Curious about Linda's job, but at the same time not wanting to ask her, Bob keeps asking the kids about their mother, but sees that Linda deeply enjoys her work. Linda comes home one night, saying that she got high scores in her evaluation. Bob, in an effort to get her back to the restaurant, "evaluates" her as well but the couple ends up fighting. Linda announces that she might work at Fresh Feed full-time, while Bob bans the kids from going to the store in order to help him at the restaurant.

Due to her giving and almost doormat-like nature, Linda ends up unwittingly letting all of her co-workers take the day off, leaving her alone at the grocery store. She enlists the help of the kids, but ends up being terribly undermanned. Tina finally meets the boy with the turtle bite, Josh, and they end up kissing. Tina gives him her number before she and the rest of the family abandon the chaotic grocery store, much to the dismay of the manager who left Linda in charge in the first place.

==Reception==
Pilot Viruet of The A.V. Club gave the episode a B+, saying "What I really liked about the episode is that it didn’t try to change Linda by having her put her foot down and try to prove she’s not just an overly nice pushover.

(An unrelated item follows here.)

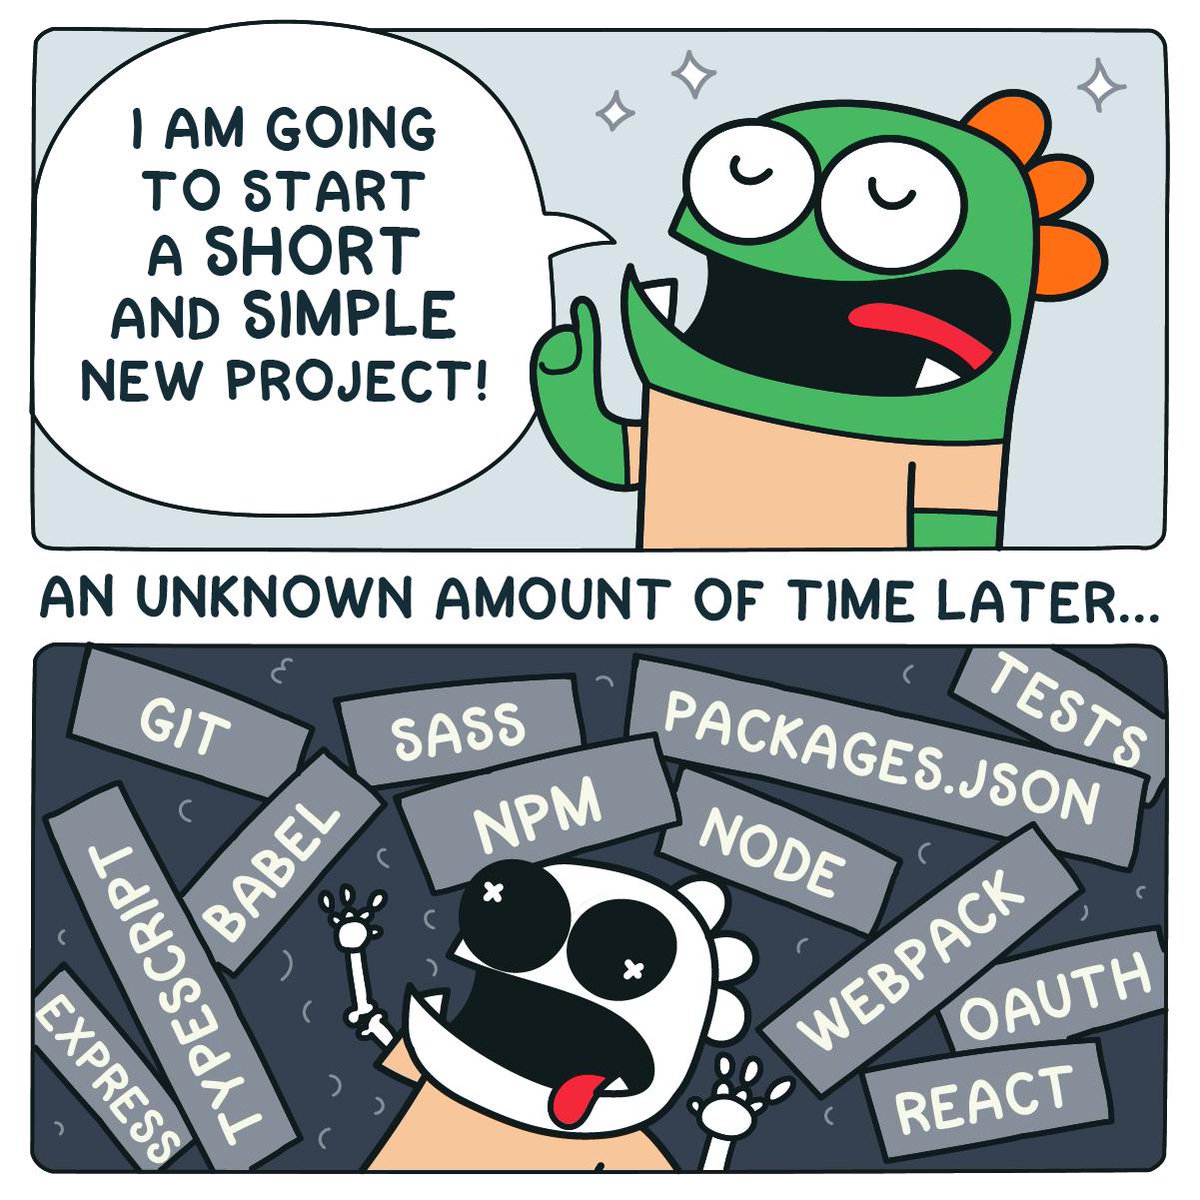 Comic with two panes, first a protagonist eagerly declaring they will start a short simple project, second an unknown time later the protagonist is overwhelmed by a plethora of tools, frameworks, technologies

Rather, Linda stayed true to her roots while also showing Bob why these traits are important to have and why it makes them work together so well, both as a couple and as co-workers in the restaurant." Dyanamaria Leifsson of TV Equals said this and last week's episode "featured a great sampling of strange Belcher songs. Bob’s Burgers can write a heck of a story, packed with brilliant one-liners, but they can also write a borderline annoying tune that makes you laugh and gets stuck in your head for weeks. I can’t help but love every bizarre song the Belchers sing, and after recently reading about 'Bob’s Buskers' I can only hope they keep those odd catchy tunes coming."

The episode received a 1.8 rating and was watched by a total of 3.93 million people. This made it the fourth most watched show on Animation Domination that night, beating The Cleveland Show but losing to Family Guy.